Depuis son retour au pouvoir en 2025, Donald Trump a multiplié les initiatives visant à modifier l'enseignement de l'histoire. En mars 2026, un décret présidentiel a créé une « Commission pour un patriotisme historique », chargée de réviser les programmes d'histoire dans les écoles publiques. Cette commission a recommandé de supprimer l'étude de la traite négrière et de la ségrégation, jugée « trop négative ».

Par ailleurs, plusieurs musées d'histoire ont vu leurs subventions fédérales menacées ou réduites, notamment le Musée national de l'histoire et de la culture afro-américaines, dont le budget a été amputé de 40 % en 2026.

Réactions et impact

La déclaration de l'OAH a été saluée par de nombreuses universités et associations de défense des droits civiques. L'historienne Heather Cox Richardson, professeure à l'université de Boston, a déclaré : « Ce que fait Trump est dangereux. Nier les souffrances du passé, c'est compromettre l'avenir de notre démocratie. »

L'administration Trump a réagi par la voix de sa porte-parole, qui a qualifié l'OAH d'« organisation d'élites déconnectées du peuple américain ». Selon elle, le président « souhaite que les enfants américains apprennent une histoire qui les rend fiers, pas une histoire qui les culpabilise ».

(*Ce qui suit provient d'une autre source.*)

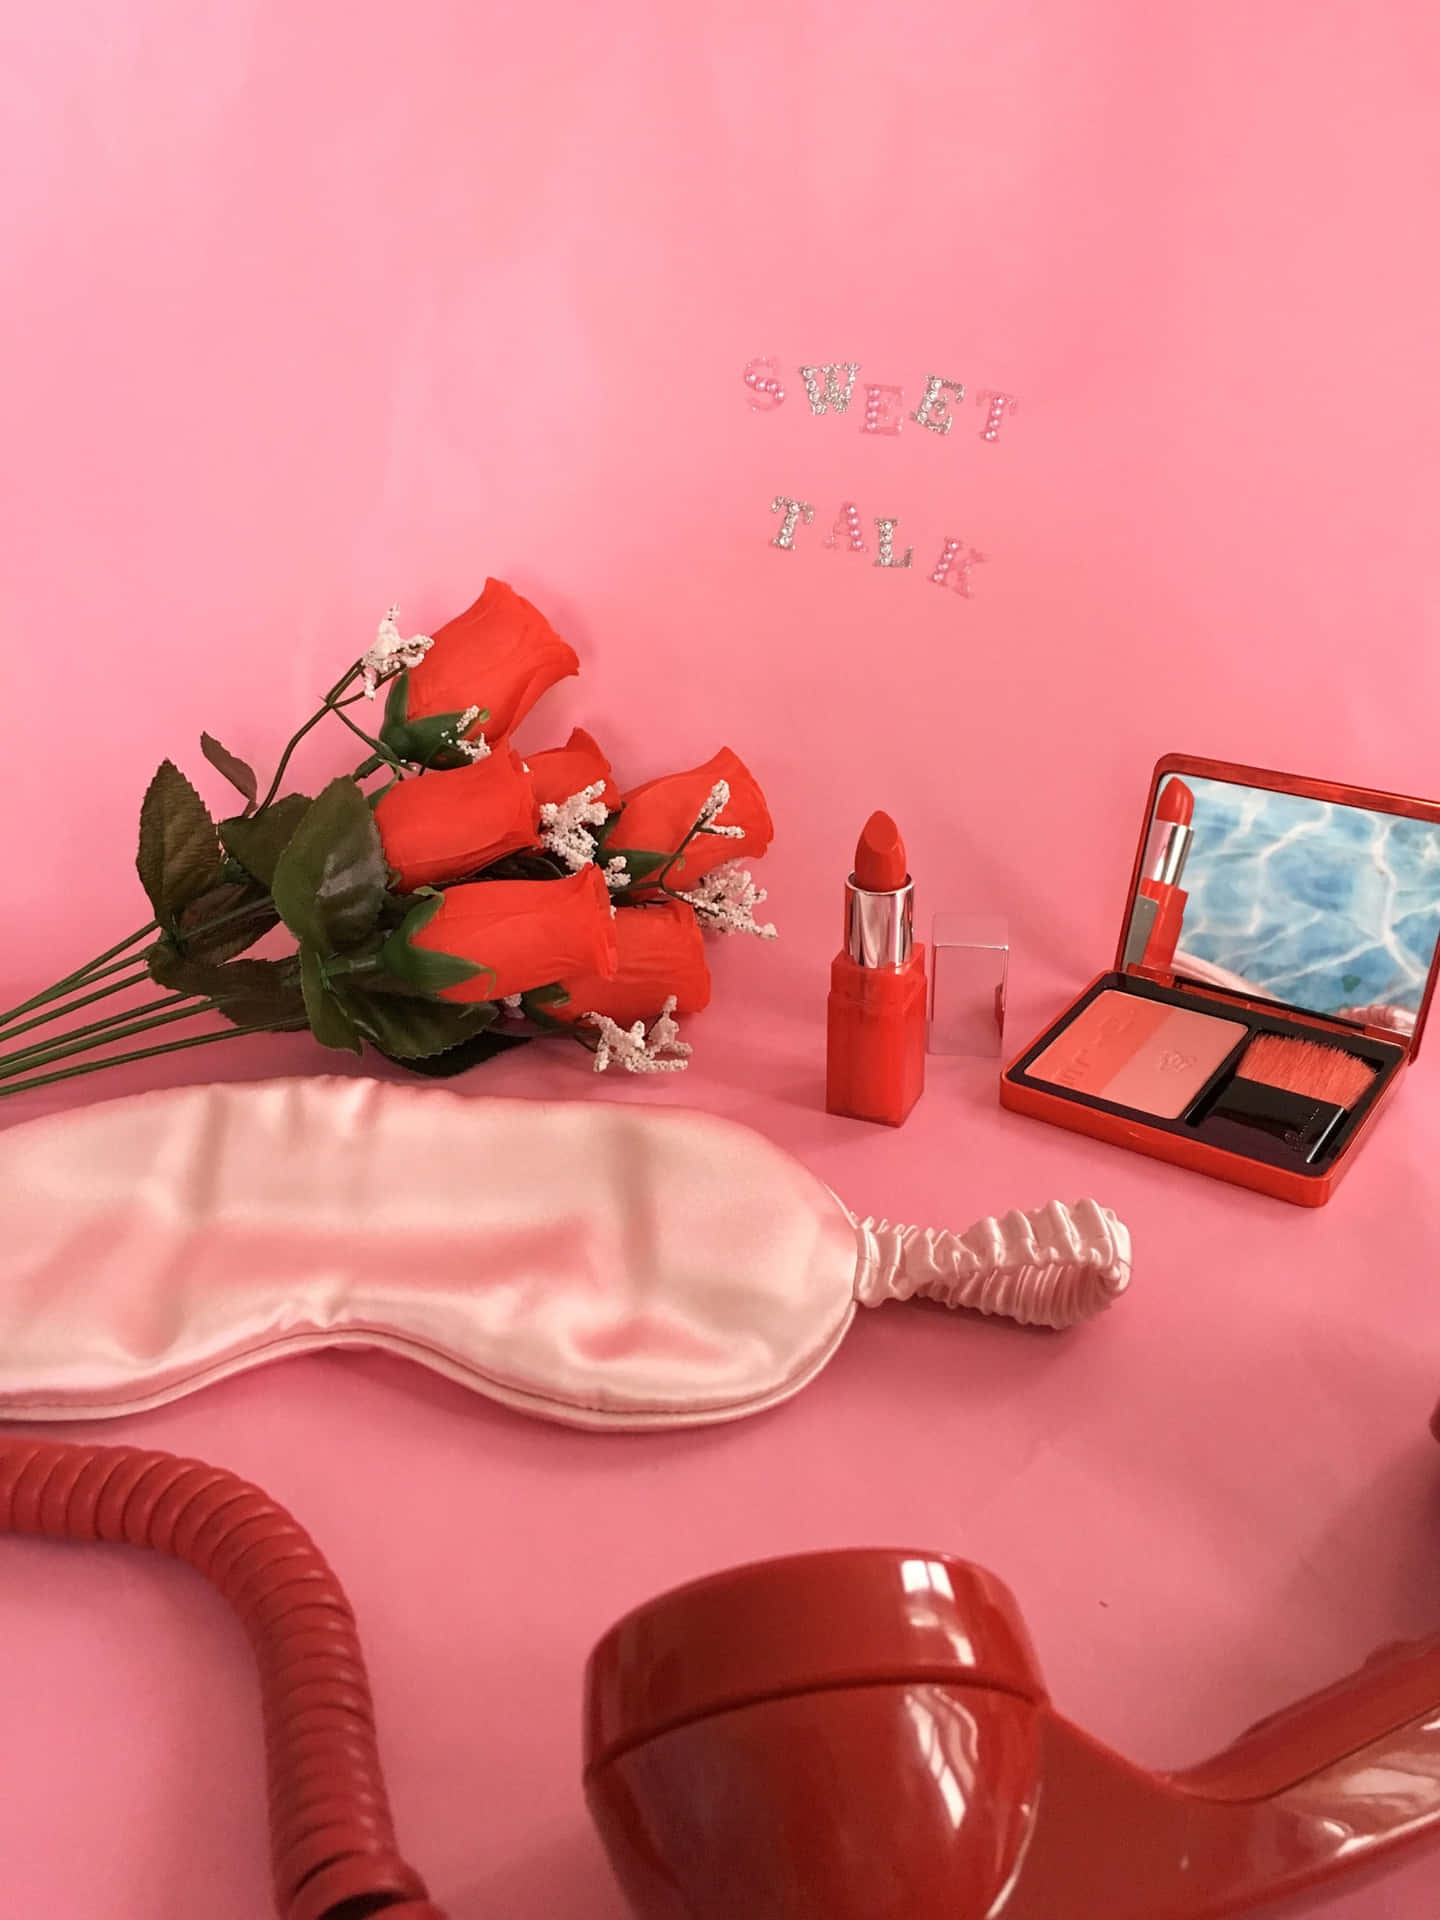 Red Rose, Makeup Conceptual Photography Aesthetic Valentine's Day Wallpaper

Un contexte de tensions mémorielles

Cette polémique s'inscrit dans un contexte plus large de guerres culturelles aux États-Unis. Depuis 2020, les débats sur l'enseignement de l'histoire se sont intensifiés, avec des lois restrictives dans plusieurs États républicains. Le 250e anniversaire de l'indépendance a été l'occasion pour Trump de prononcer un discours à Philadelphie, où il a appelé à « libérer l'histoire des griffes des progressistes ».

L'OAH prévoit de publier un rapport détaillé en septembre 2026, listant les atteintes à la liberté académique et à l'intégrité de la recherche historique sous l'administration Trump. Selon un sondage réalisé par le Pew Research Center en juin 2026, 62 % des Américains estiment que l'histoire est utilisée à des fins politiques par les deux partis.